Последняя смерть моя произошла около трёхсот лет назад в стране, возглавляющей другую, очень древнюю и мощную метакультуру. Всю теперешнюю жизнь, с самого детства, меня томит тоска по этой старой родине; быть может, так жгуча и глубока она потому, что я прожил в той стране не одну жизнь, а две, и притом очень насыщенные. Но, уходя из Энрофа триста лет назад, я впервые за весь мой путь по Шаданакару оказался свободным от необходимости искупляющих посмертных спусков в глубину тех слоёв, где страдальцы развязывают – иногда целыми веками, даже тысячелетиями, – кармические узлы, завязанные ими при жизни. Впервые я успел и смог развязать узлы ещё в Энрофе, долгими мучениями и горькими утратами оплатив совершённые в молодости срывы и ошибки. И в первый раз я умирал с лёгкой душой, хотя по религиозным воззрениям той страны должен был бы ожидать воистину страшного посмертия. Но я уже знал, что исключением из касты и сорокалетней жизнью среди париев я искупил всё. Смерть была легка и полна надежды.
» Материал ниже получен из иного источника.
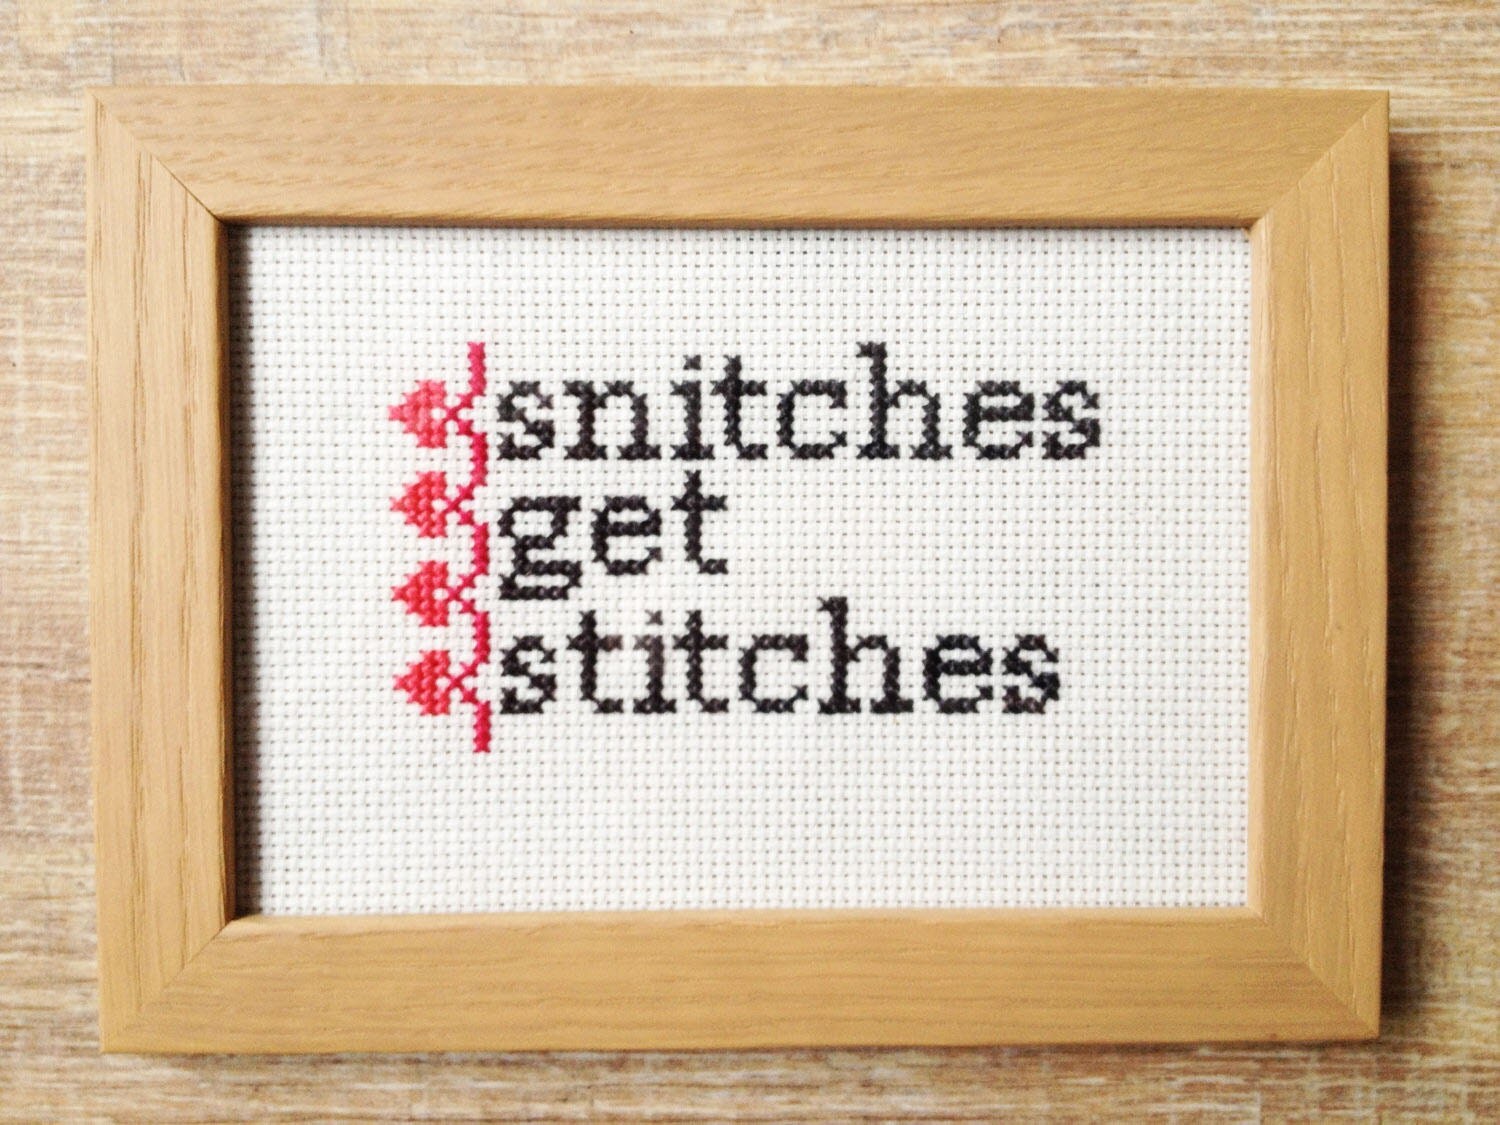 Snitch Quotes For Snitches. QuotesGram

То была вещая надежда: такая не обманывает. О первых часах, даже о нескольких днях моего нового бытия, мне до сих пор ничего не удалось вспомнить. Но зато я помню несколько местностей того нового слоя, в котором долгое время существовал вслед за тем.
Единый для всех метакультур, этот слой, однако, очень пёстр: в древней, тропической, огромной метакультуре, дважды обнимавшей мою земную жизнь, он был похож на её природу в Энрофе, но мягче – без крайностей её жестокости и великолепия, без неистовых тропических ливней и губительной сухости пустынь. Я помню, как белые башнеобразные облака необыкновенно мощных и торжественных форм стояли почти неподвижно над горизонтом, вздымаясь до середины неба: сменялись ночи и дни, а гигантские лучезарные башни всё стояли над землёй, едва меняя очертания. Но само небо было не синим и не голубым, но глубоко-зелёным. И солнце там было прекраснее, чем у нас: оно играло разными цветами, медлительно и плавно их сменяя, и теперь я не могу объяснить, почему эта окраска источника света не определяла окраски того, что им освещалось: ландшафт оставался почти одинаков, и преобладали в нём цвета зелёный, белый и золотой.
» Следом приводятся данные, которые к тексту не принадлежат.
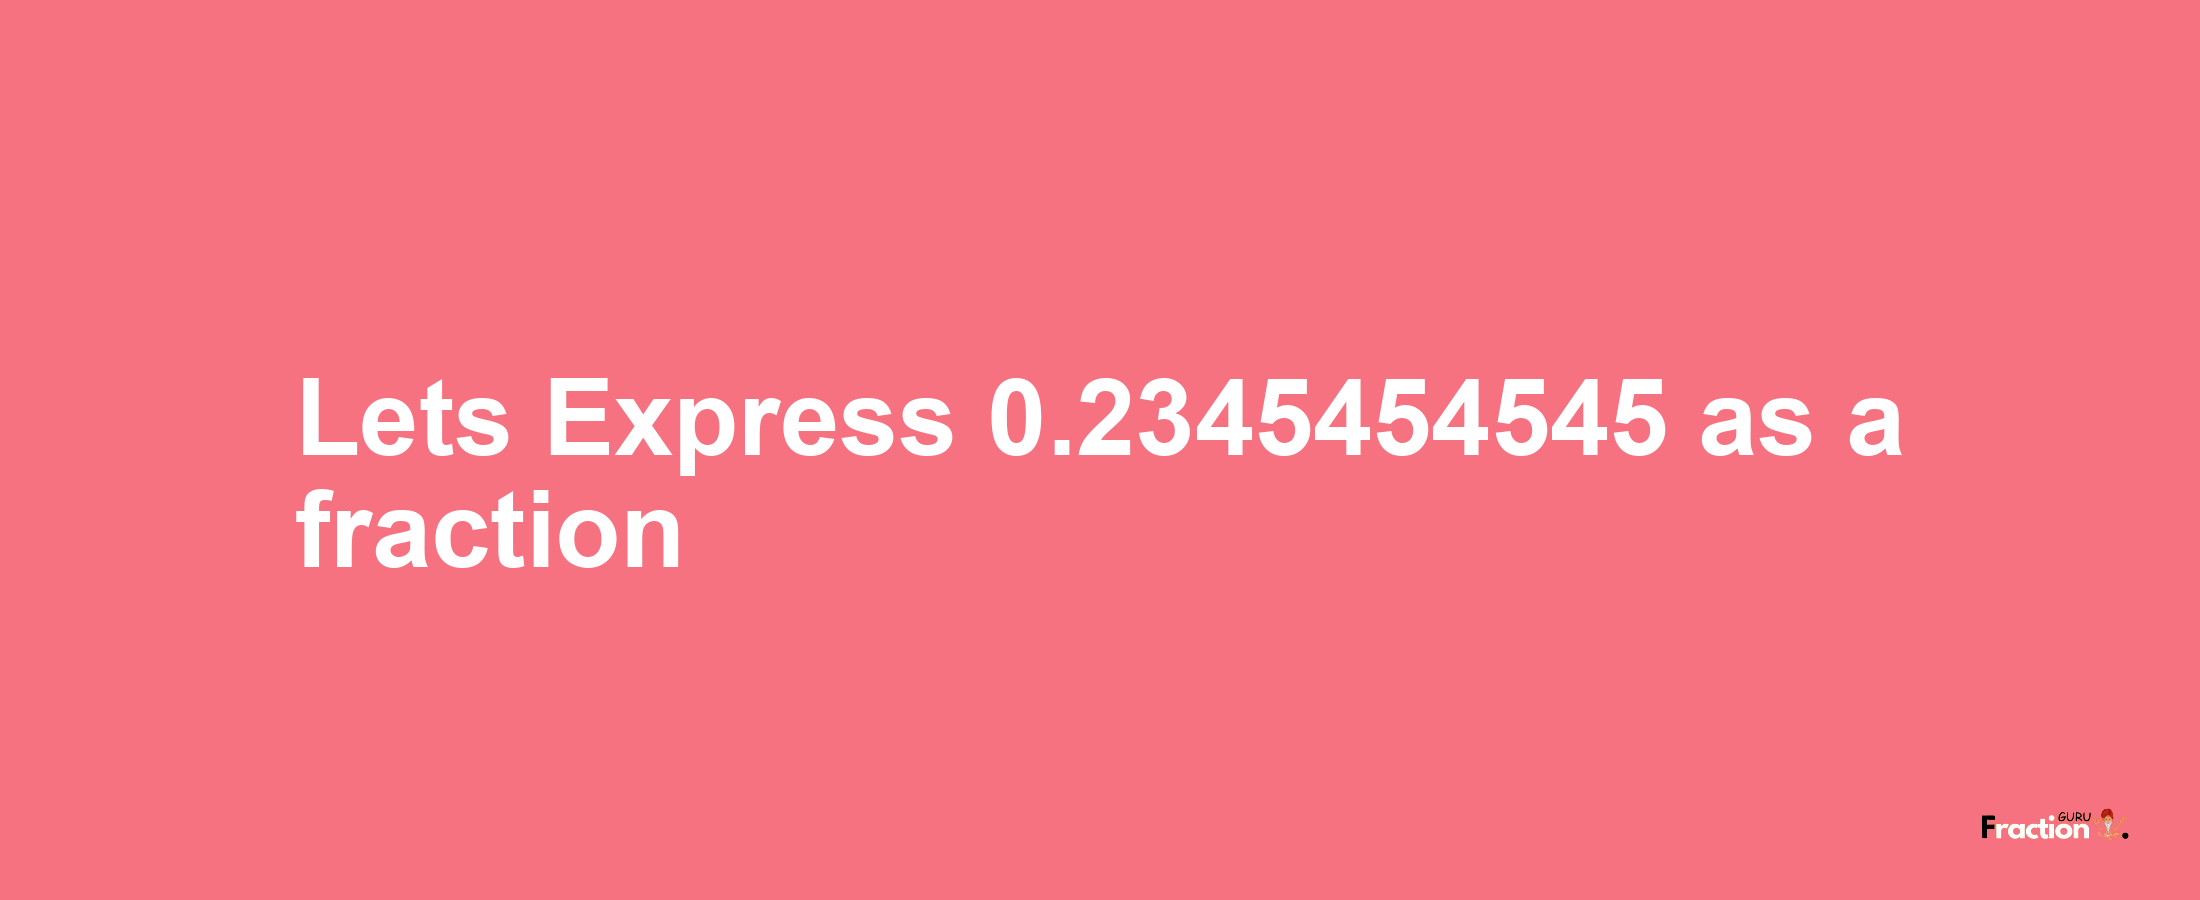 Lets Express 0.2345454545 as afraction

Там были реки и озёра; был океан, хотя увидеть его мне не довелось: раз или два я был только на побережье моря. Были горы, леса и открытые пространства, напоминавшие степь. Но растительность этих зон была почти прозрачна и так легка, какими бывают леса в северных странах Энрофа поздней весной, когда они только начинают одеваться лиственным покровом. Такими же облегчёнными, полупрозрачными казались там хребты гор и даже сама почва: как будто всё это было эфирною плотью тех стихий, чью физическую плоть мы так хорошо знаем в Энрофе.
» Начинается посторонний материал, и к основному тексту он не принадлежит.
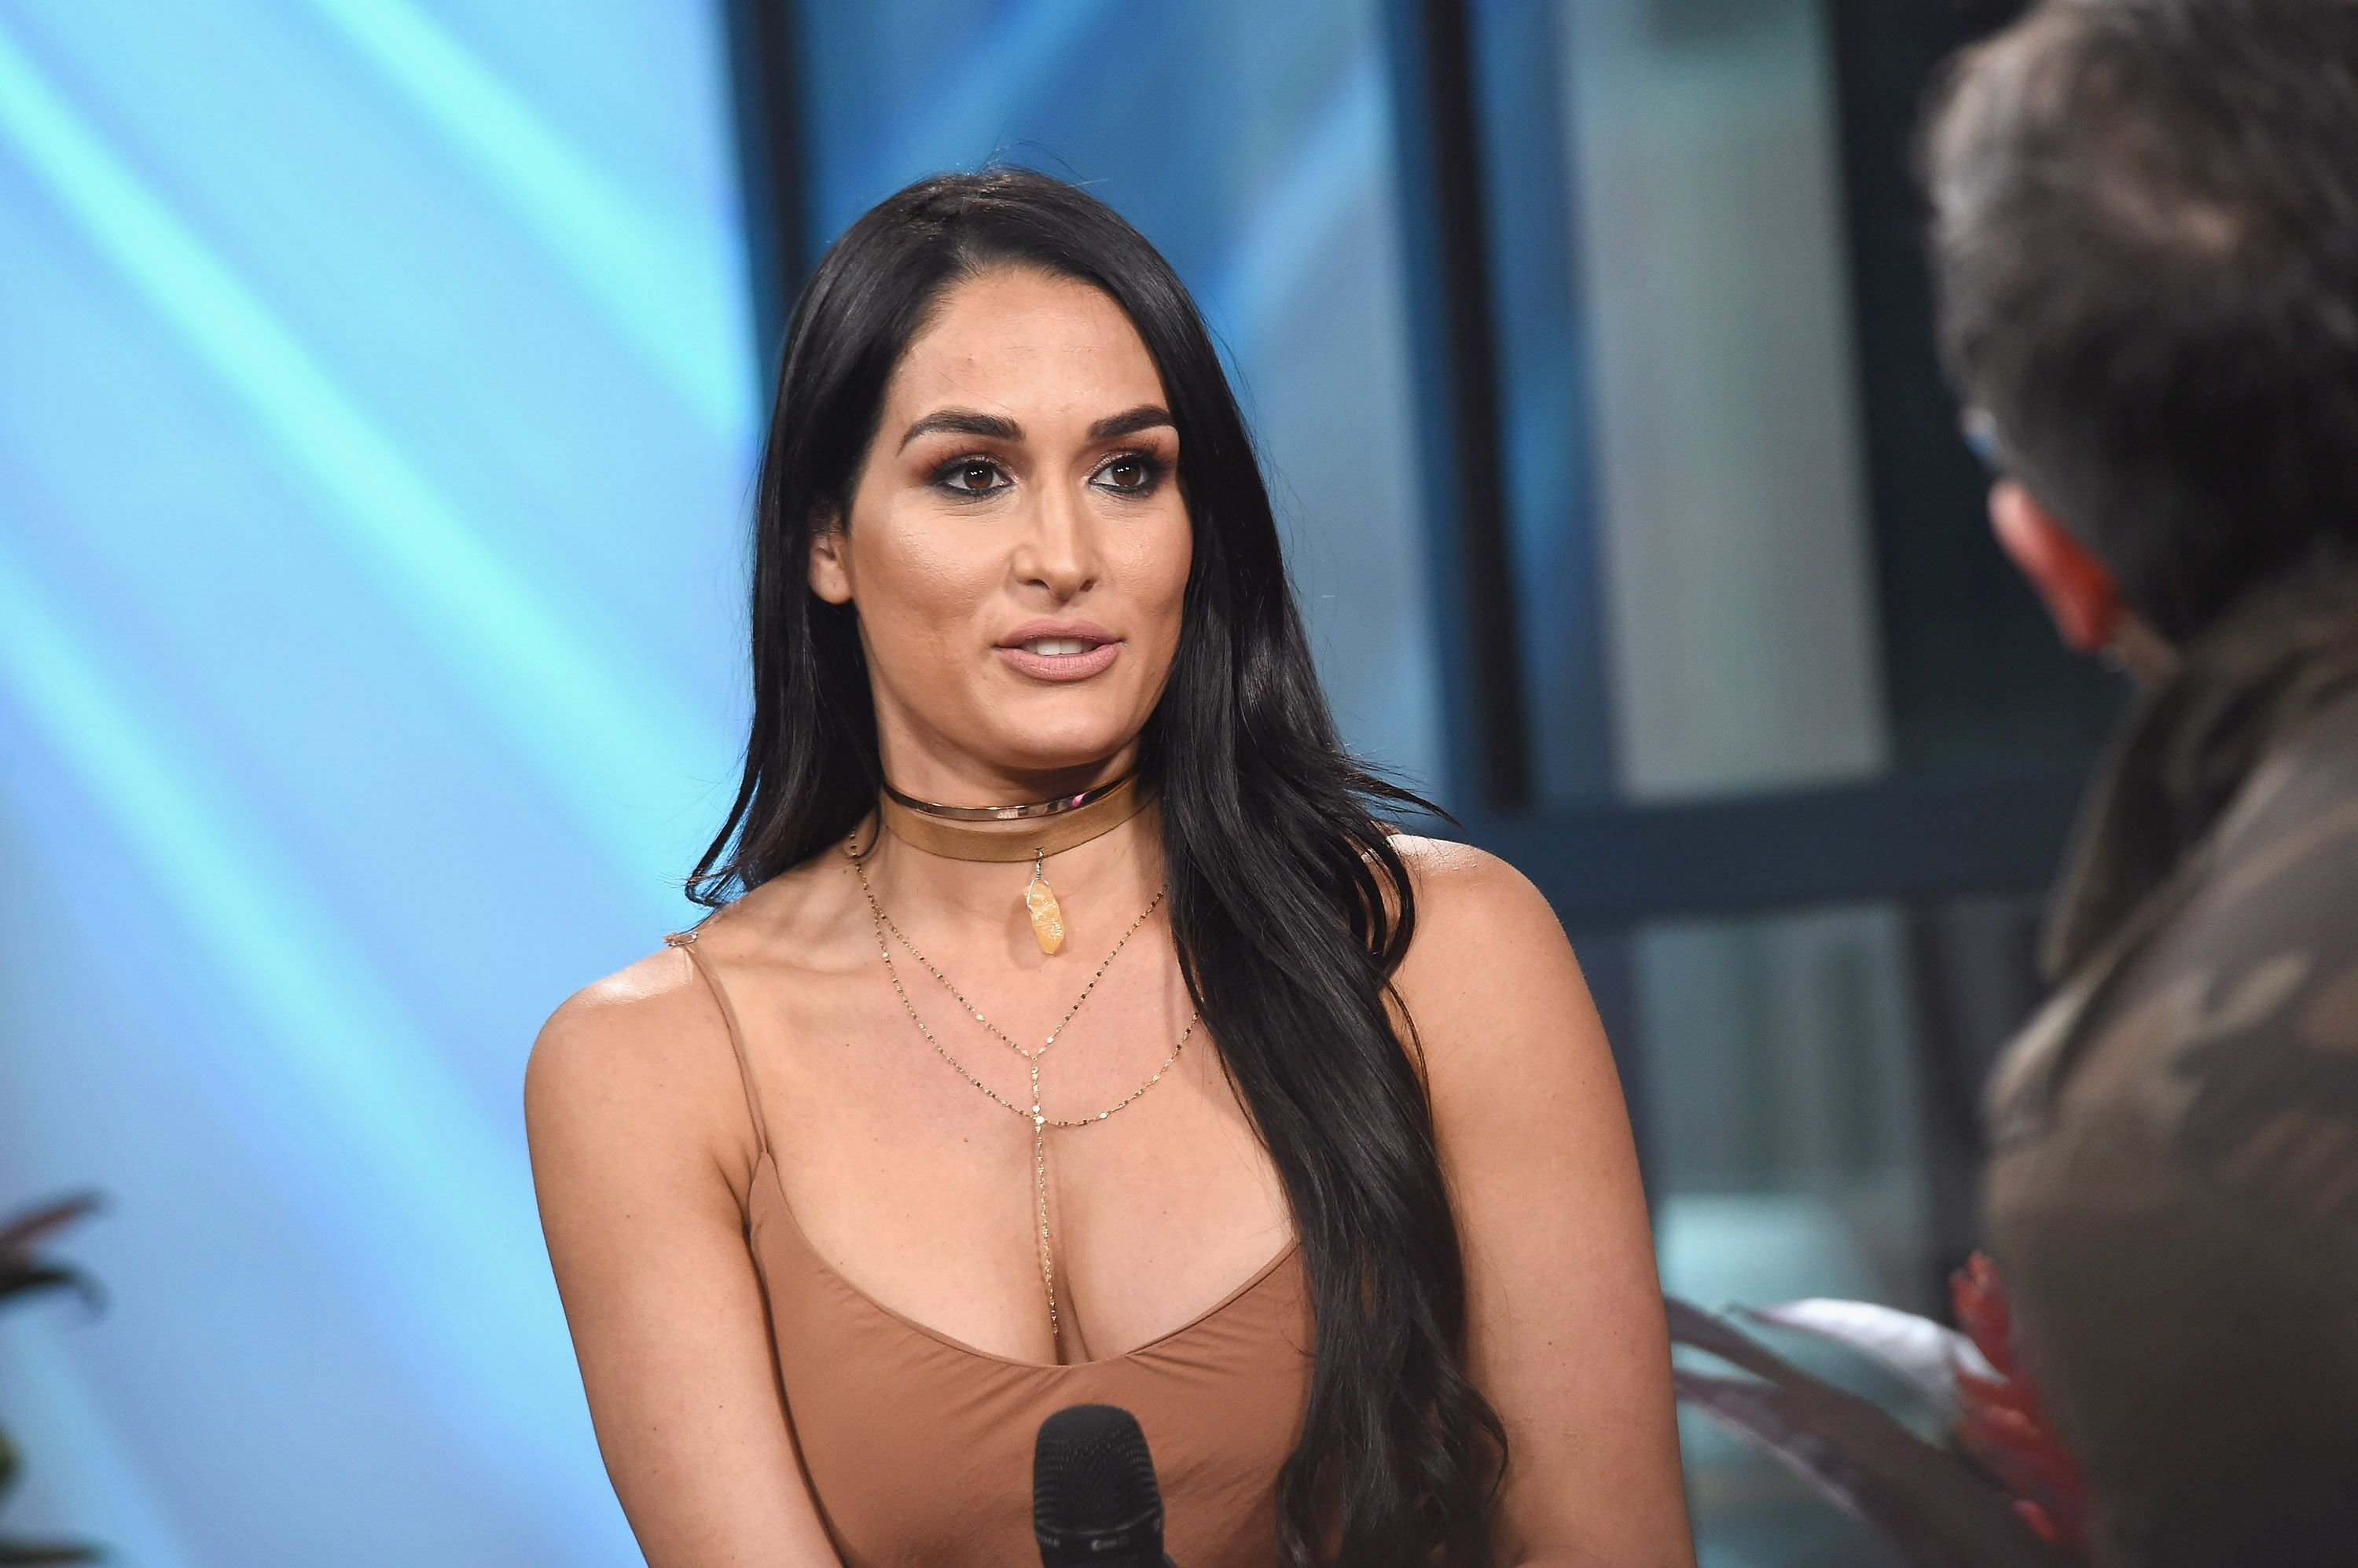 Nikki Bella at the Build Series to discuss the reality series "Total Divas" at Build Studio on April 5, 2017, in New York City | Photo: Gary Gershoff/WireImage/Getty Images

Но ни птиц, ни рыб, ни животных не знал этот слой: люди оставались единственными его обитателями. Я говорю – люди, разумея под этим не таких, какими мы пребываем в Энрофе, но таких, какими делает нас посмертье в первом из миров Просветления. Наконец-то я мог убедиться, что утешение, которое мы черпаем из старых религий в мысли о встречах с близкими, – не легенда и не обман, – если только содеянное при жизни не увлекло нас в горестные слои искупления. Некоторые из близких встретили меня, и радость общения с ними сделалась содержанием целых периодов моей жизни в том слое. Он очень древен, когда-то в нём обитало ангельское прачеловечество, а зовётся он Олирной: это музыкальное слово кажется мне удачной находкой тех, кто дал ему имя. Общение с близкими не содержало никакой мути, горечи, мелких забот или непонимания, омрачающих его здесь: это было идеальное общение, отчасти при помощи речи, но больше в молчании, какое здесь бывает знакомо лишь при общении с немногими, с кем мы соединены особенно глубокой любовью, и в особенно глубокие минуты.
От забот о существовании, имевших в Энрофе столь необъятное значение, мы были совершенно освобождены. Потребность в жилье сводилась на нет мягкостью климата. Кажется, в Олирнах некоторых других метакультур это не совсем так, но в точности я этого не помню. Пищу доставляла прекрасная растительность, напитками служили родники и ручьи, обладавшие, как мне припоминается, различным вкусом. Одежда, вернее, то прекрасное, живое, туманно-светящееся, что мы пытаемся в Энрофе заменить изделиями из шерсти, шелка или льна, – вырабатывалась самим нашим телом: тем нашим эфирным телом, которого мы почти никогда не сознаём на себе здесь, но которое в посмертье становится столь же очевидным и кажется столь же главным, как для нас – физическое. И в мирах Просветления, и в Энрофе без него невозможна никакая жизнь.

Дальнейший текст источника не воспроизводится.